Insilico pharmacokinetic prediction tools indicated that the majority of the compounds exhibited high gastrointestinal absorption. Compounds such as β-caryophyllene and vanillin derivatives were found to be non-substrates of P-glycoprotein and demonstrated no major CYP450 inhibition risks, suggesting low potential for pharmacokinetic drug interactions. Furthermore, the skin permeability coefficients ranged from −2.74 to −9.79 cm/s, denoting their suitability for non-invasive formulations. Lipophilic compounds like squalene and stigmasterol showed limited water solubility but retained sufficient predicted GI absorption. Glucaric acid and mannitol, while highly soluble, may require formulation adjustments to overcome permeability limitations. Toxicity screening revealed that most compounds were non-mutagenic and non-cytotoxic. However, neurotoxicity, cardiotoxicity, and immunotoxicity were predicted for squalene and stigmasterol (with probabilities > 0.85), raising caution for dose selection and necessitating further invivo toxicological evaluation. Despite these risks, both compounds shared a favorable LD50 value (1190 mg/kg), indicating moderate acute toxicity consistent with OECD Class IV classification. Additionally, vanillin derivatives and β-caryophyllene showed relatively benign toxicity profiles, coupled with high bioavailability and acceptable binding affinity, underscoring their promise as safer alternatives for antiviral development. The fraction of sp3-hybridized carbons (CsP₃), a metric of molecular complexity and 3D character, was favorable (≥0.4) for the majority of compounds, suggesting improved target specificity and reduced promiscuity. The most rigid compounds (e.g., glucaric acid with 0 rotatable bonds) may offer metabolic stability, while flexible structures like squalene may better adapt to protein pockets, enhancing binding interactions.
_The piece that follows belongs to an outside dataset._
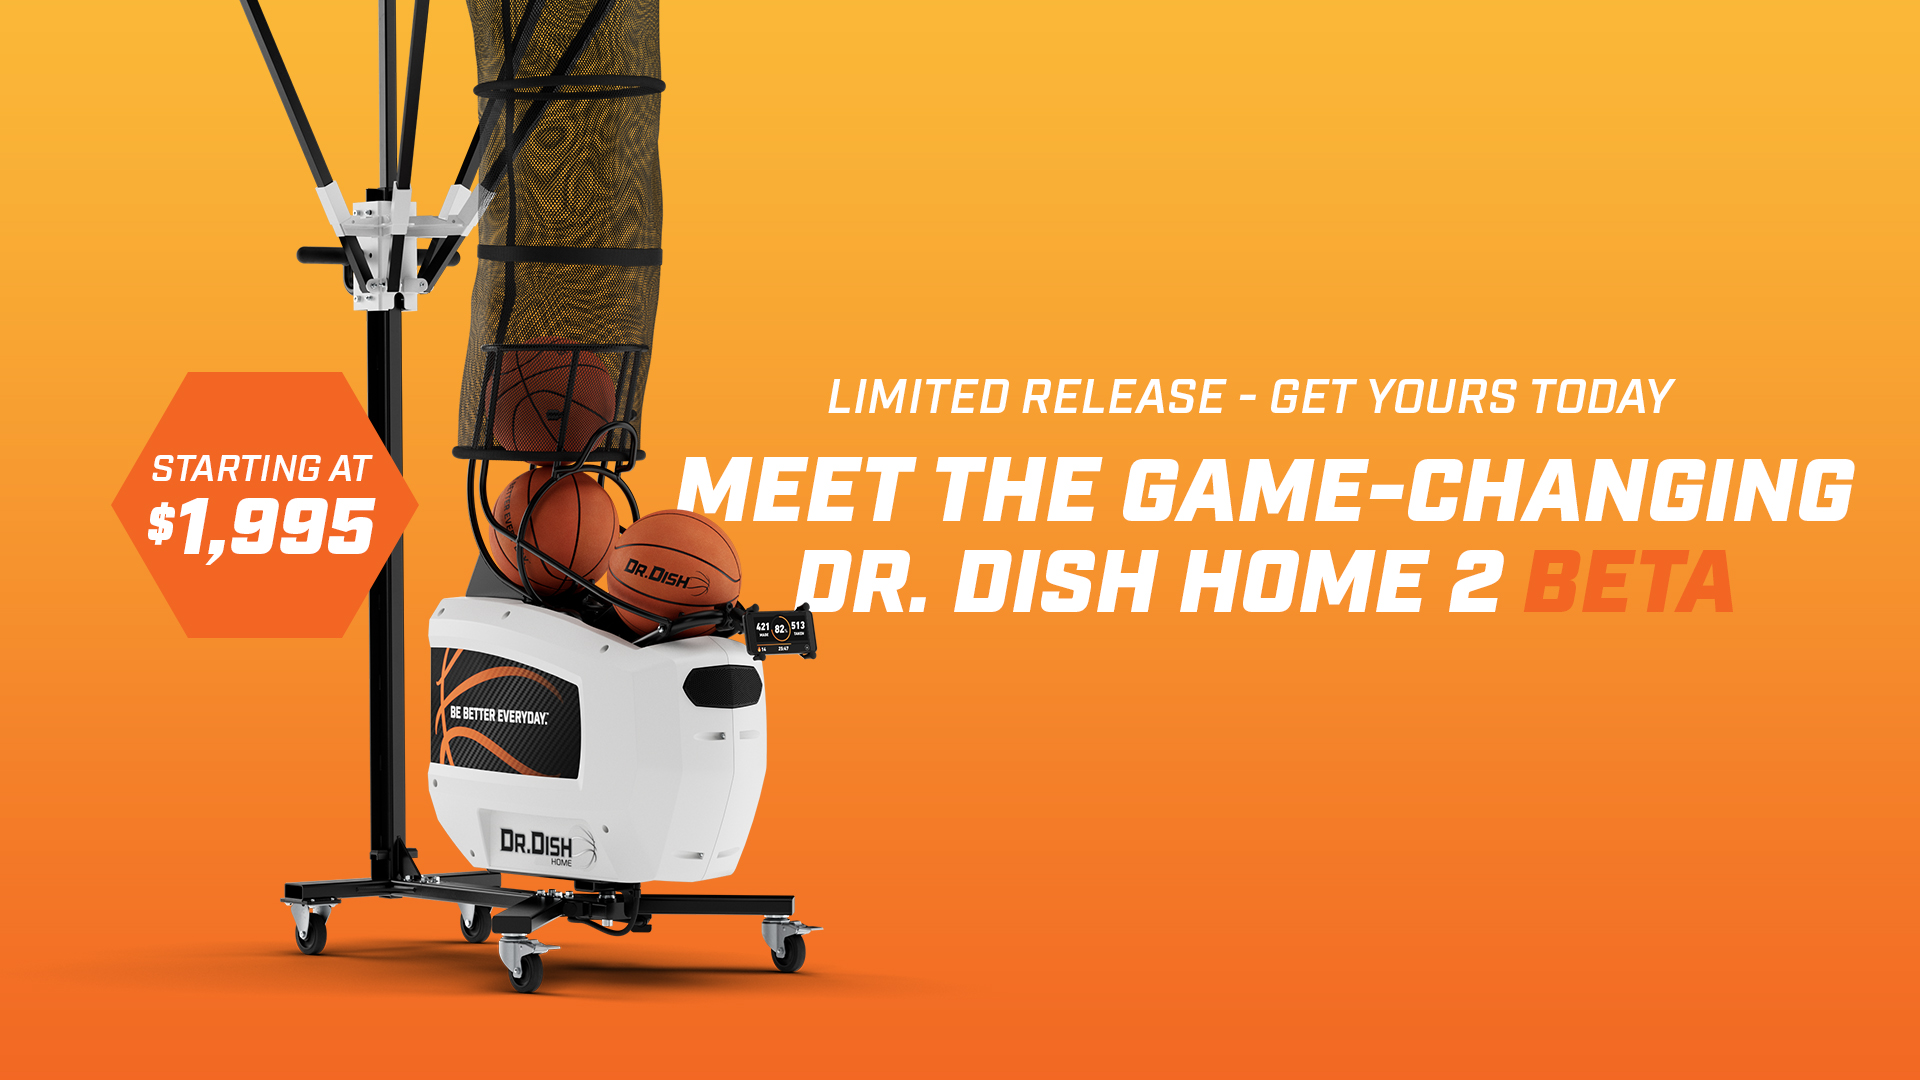 Meet Dr. Dish Home 2 BETA - Only here for a limited time

Topological polar surface area (TPSA) values below 90 Ų, as seen in compounds like β-caryophyllene, stigmasterol, and squalene, correlate with effective passive absorption and blood-brain barrier exclusion. In contrast, higher TPSA compounds may be more suitable for systemic immune modulation.

Acyclovir, a reference antiviral compound included in the study, showed moderate physicochemical compatibility and docking scores, validating the predictive strength of the insilico approach. When compared, β-caryophyllene and vanillin derivatives showed competitive or superior pharmacokinetic and safety profiles, highlighting their potential as antiviral scaffolds. Through reverse docking and structural bioinformatics, the selected spice-derived compounds were further mapped to their putative genetic targets including viral RNA polymerase and host immune mediators. These interactions provide molecular basis for future transcriptomic or proteomic validation studies and offer insight into multi-target drug action.